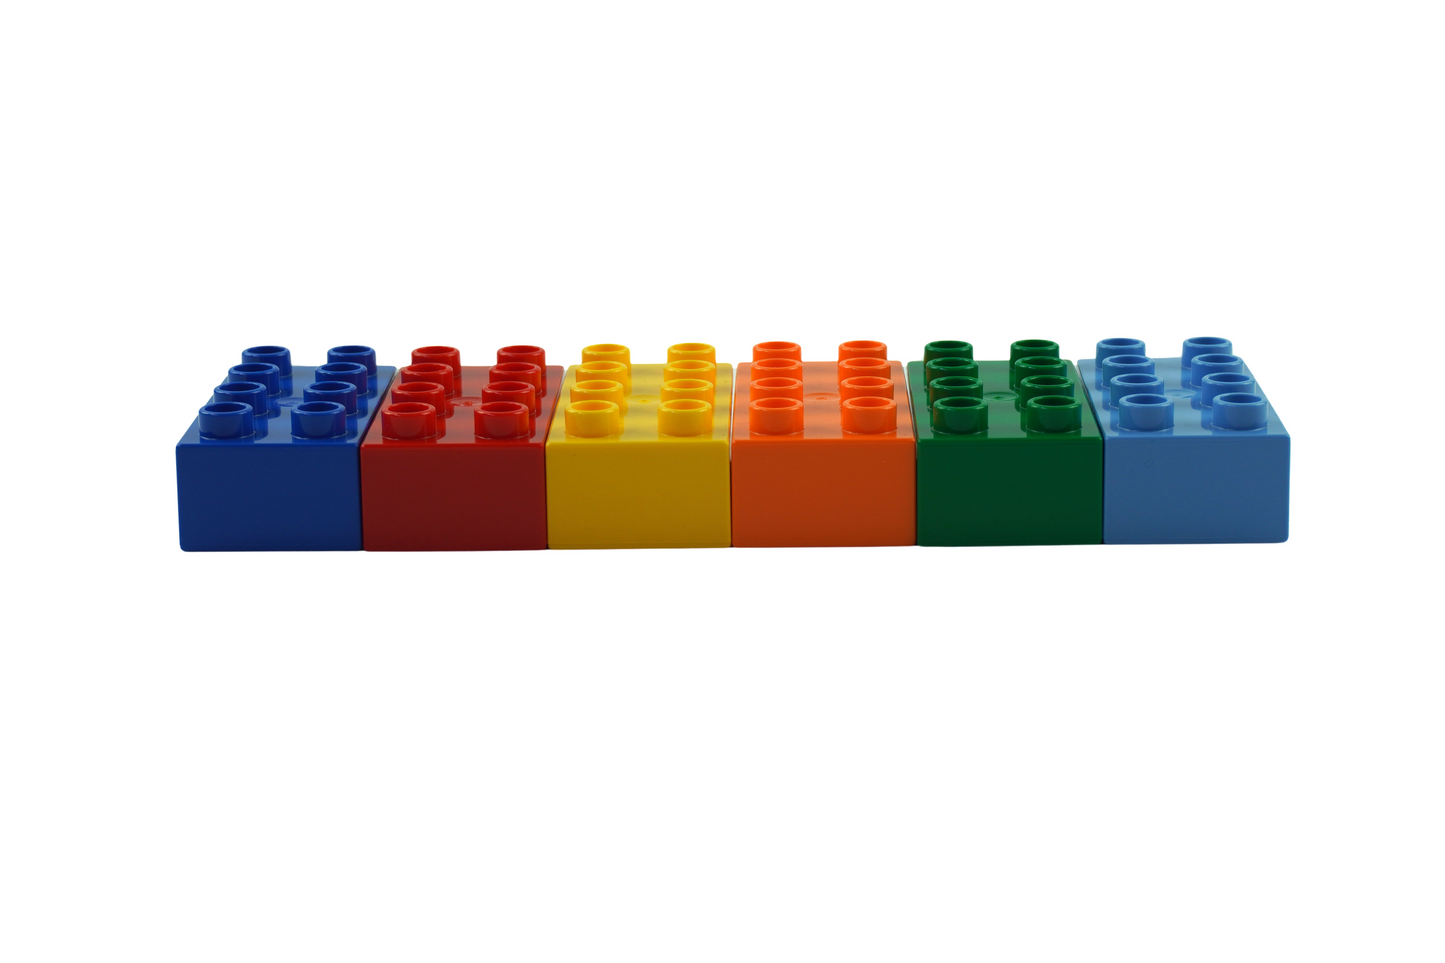 Blocs de construction en briques LEGO® DUPLO® 2x4 blocs de construction de base colorés mélangés - 3011 NOUVEAU ! Quantité 250x 
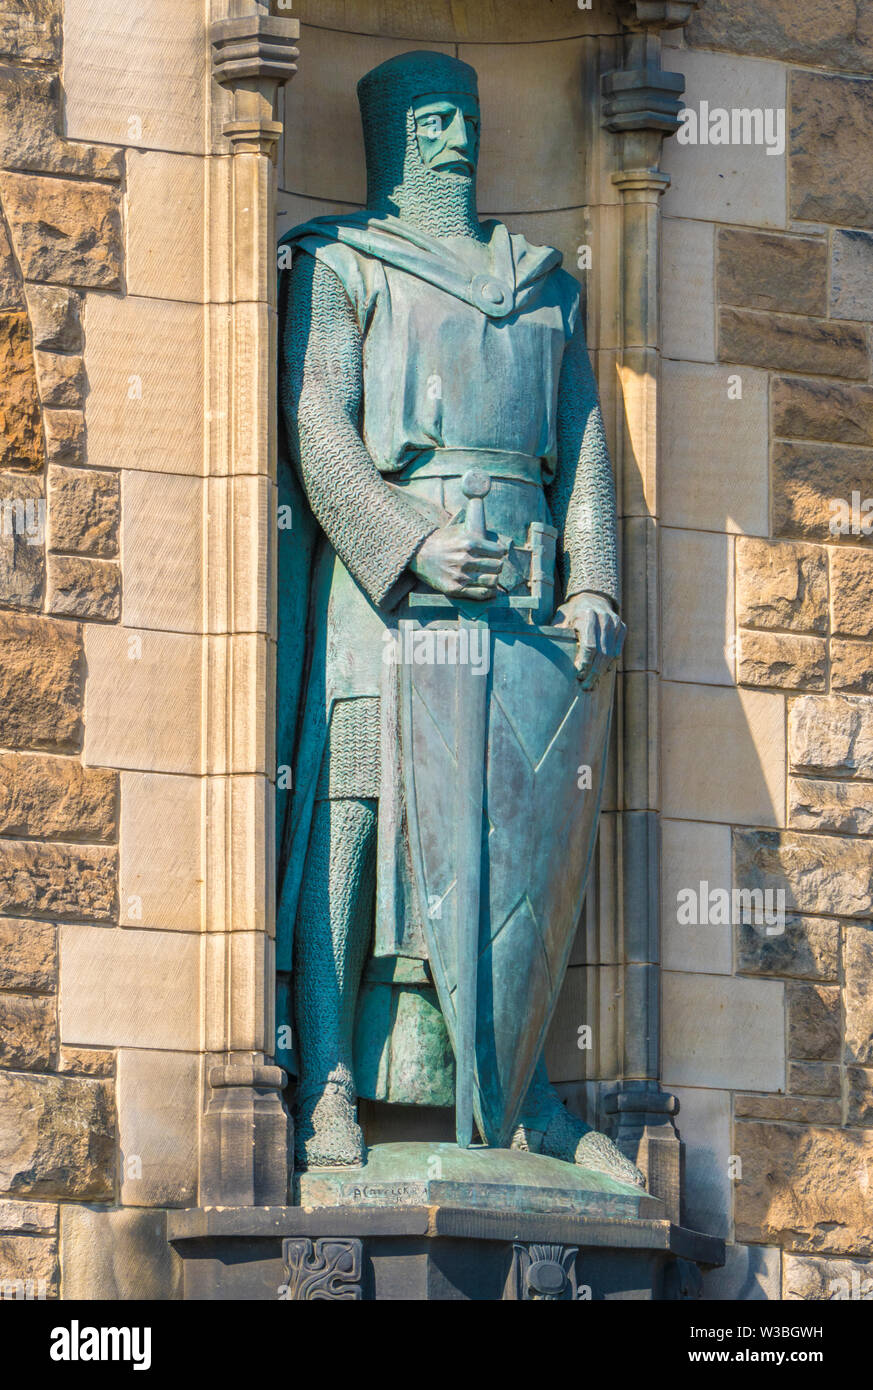 Statue de William Wallace (un chevalier écossais médiéval célèbre combattant de la liberté), qui monte la garde à l'entrée du château d'Édimbourg. L'Écosse, au Royaume-Uni. Banque D'Images
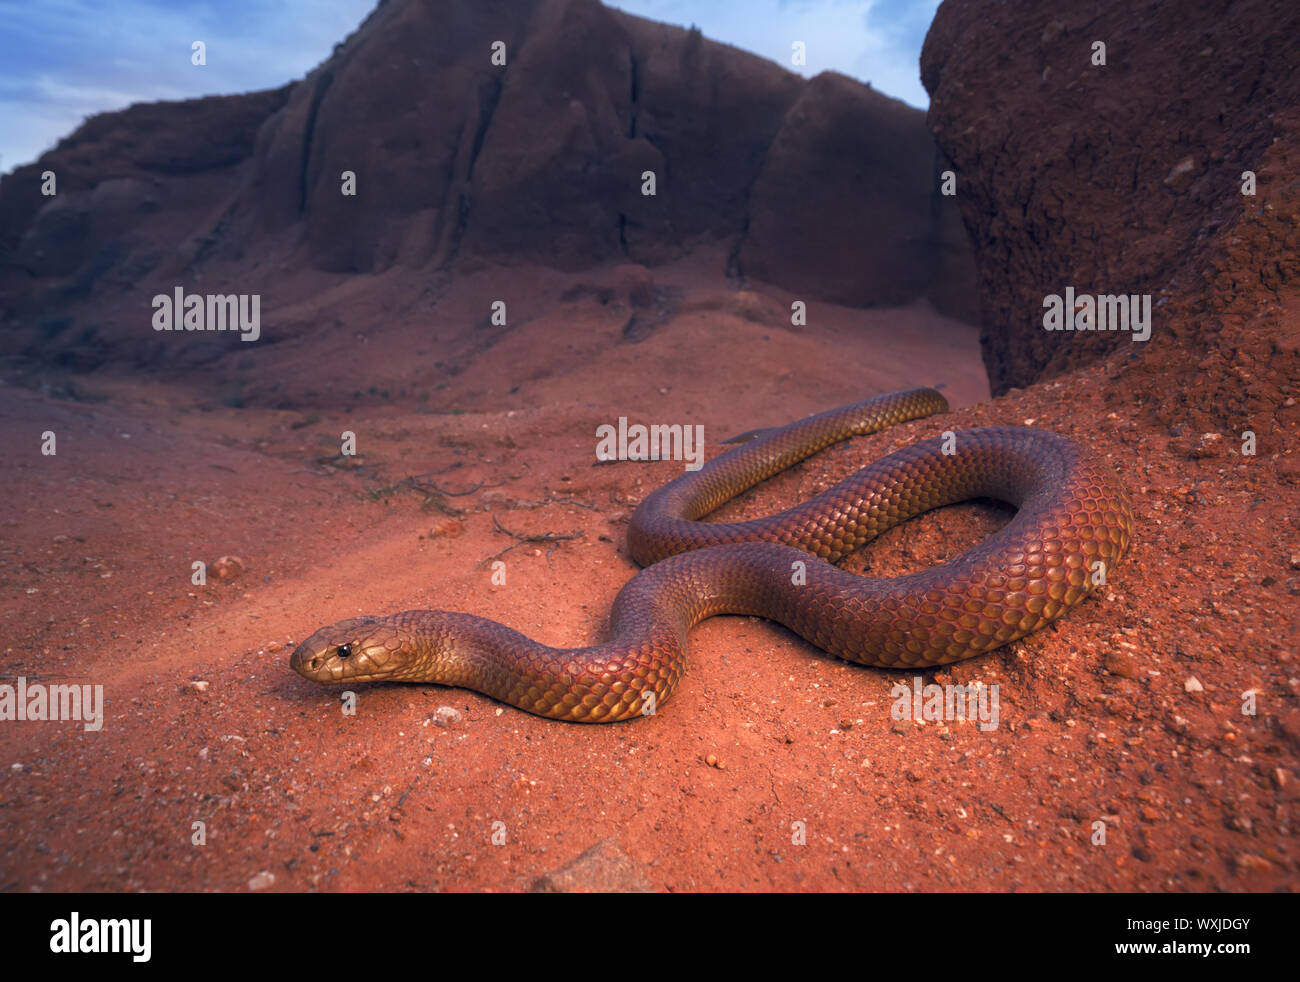 King brown snake (Pseudechis australis), Australia Stock Photo

_WORK INSTRUCTIONS_.
Print the material again, unchanged, without its pictures.

_RESULT OF THIS TASK_.
 Blocs de construction en briques LEGO® DUPLO® 2x4 blocs de construction de base colorés mélangés - 3011 NOUVEAU ! Quantité 250x 
 Statue de William Wallace (un chevalier écossais médiéval célèbre combattant de la liberté), qui monte la garde à l'entrée du château d'Édimbourg. L'Écosse, au Royaume-Uni. Banque D'Images
 King brown snake (Pseudechis australis), Australia Stock Photo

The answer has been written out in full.